A RAG agent over a curated internal corpus with no write tools and no outbound fetch is a different risk profile from a browser-using agent loose on the open web, and the controls should not be the same. Some of the relevant axes:

Tool registry shape. Read-only versus read-write. Internal-only versus outbound-capable. The presence of any tool that can serialize content into an attacker-observable channel (email, webhook, DNS query, even an external image fetch) is the bright line. A pure-read agent is a confidentiality problem at worst; an agent with one outbound write tool is a full exfiltration problem.
Corpus trust level. Documents authored only by employees behind SSO are a different threat than a corpus that ingests customer-submitted content, support tickets, or anything scraped from the web. The latter requires treating every retrieved chunk as untrusted input and applying SI-10 (information input validation) at the chunk level, not the query level.
Model and harness. Frontier models from the major labs have meaningfully better resistance to obvious injection than open-weights models fine-tuned for instruction following without much safety training. This does not make them safe. It changes which attacks land. If you are running a self-hosted Llama variant for cost or sovereignty reasons, your detection thresholds should be tighter and your tool registry should be smaller.
Authorization model for tool calls. If the agent’s tools all run as the agent’s service principal, you are one injection away from full blast radius. If each tool call is re-authorized against the initiating user’s permissions — what some shops are calling “on-behalf-of” agent identity — the blast radius collapses to what that user could have done anyway. This is the single highest-leverage architectural change available, and most production deployments have not made it because it is expensive to retrofit.
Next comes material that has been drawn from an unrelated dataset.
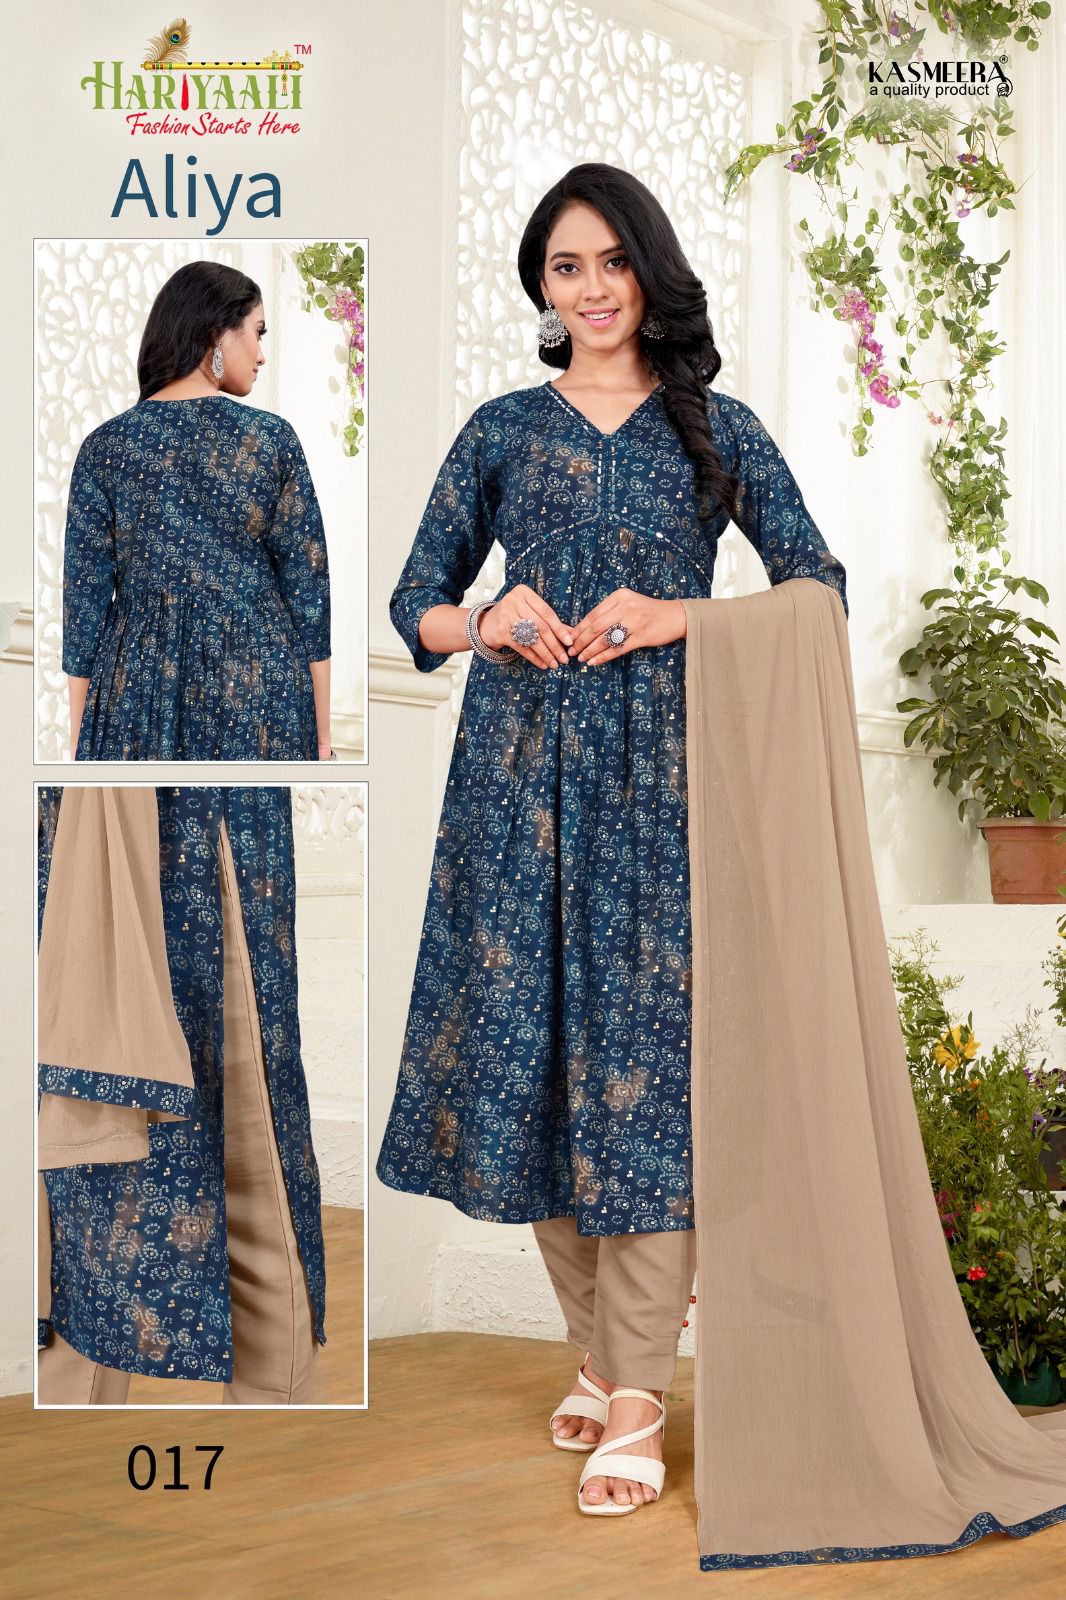 hariyaali aaliya vol 1 silk decent look top bottom with dupatta pick n choose

That last point is where I would push hardest in an architecture review. Detections matter, but a containment architecture where the agent literally cannot exceed the initiating user’s authorization is worth more than any classifier.

Control mapping

The 800-53 families that actually apply, in the order they tend to matter:

Family	What it covers here
AC-3, AC-4	Tool-call access enforcement and information flow between context sources and tools
SI-10	Treating retrieved content as untrusted input requiring validation
AU-2, AU-12	The tool-call telemetry above; without this the rest is theatrical
CM-7	Least-functionality applied to the tool registry per agent role
SC-7	Boundary protection between the agent’s outbound tools and the network
RA-3	Risk assessment of each new tool added to the registry
SA-8	Security engineering principles applied to agent harness design

NIST AI 600-1 (the GenAI profile of the AI RMF) is the document to point at for governance conversations. It is not prescriptive enough to write detections from, but it gives you the vocabulary to argue for resourcing.
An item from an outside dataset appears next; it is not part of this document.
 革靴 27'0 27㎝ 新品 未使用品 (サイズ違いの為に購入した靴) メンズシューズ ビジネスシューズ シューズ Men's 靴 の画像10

What most teams get wrong before they get it right

The most common early mistake is investing in a prompt-injection classifier as the primary control and treating tool-call telemetry as a future project. That is exactly backwards. Classifiers degrade silently as attackers iterate. Telemetry, once it exists, lets you investigate the incidents the classifier missed and feed the misses back into both your filter and your tool-registry policy.

The second most common mistake is letting the agent run as a service principal with broad scope because “it makes the demo work.” Every demo I have ever seen ships to production with the same scope. Pin it down at design time or accept that you are going to pin it down during an incident.
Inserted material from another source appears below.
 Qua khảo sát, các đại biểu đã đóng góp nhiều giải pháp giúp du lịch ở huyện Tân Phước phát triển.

The third is treating agent sessions as ephemeral chat sessions when they are actually long-lived automation runs with accumulating state. Apply the same controls you would apply to any other service-to-service automation: identity, scope, audit, rate limit, kill switch. The fact that the orchestration layer is a language model is interesting from an attack-surface standpoint and irrelevant from a control standpoint. You still need the kill switch.

Defending these systems is not a new discipline. It is the old discipline, applied to a component that happens to make non-deterministic decisions about which tool to call next. The agent is a confused deputy with a thesaurus. Treat it accordingly.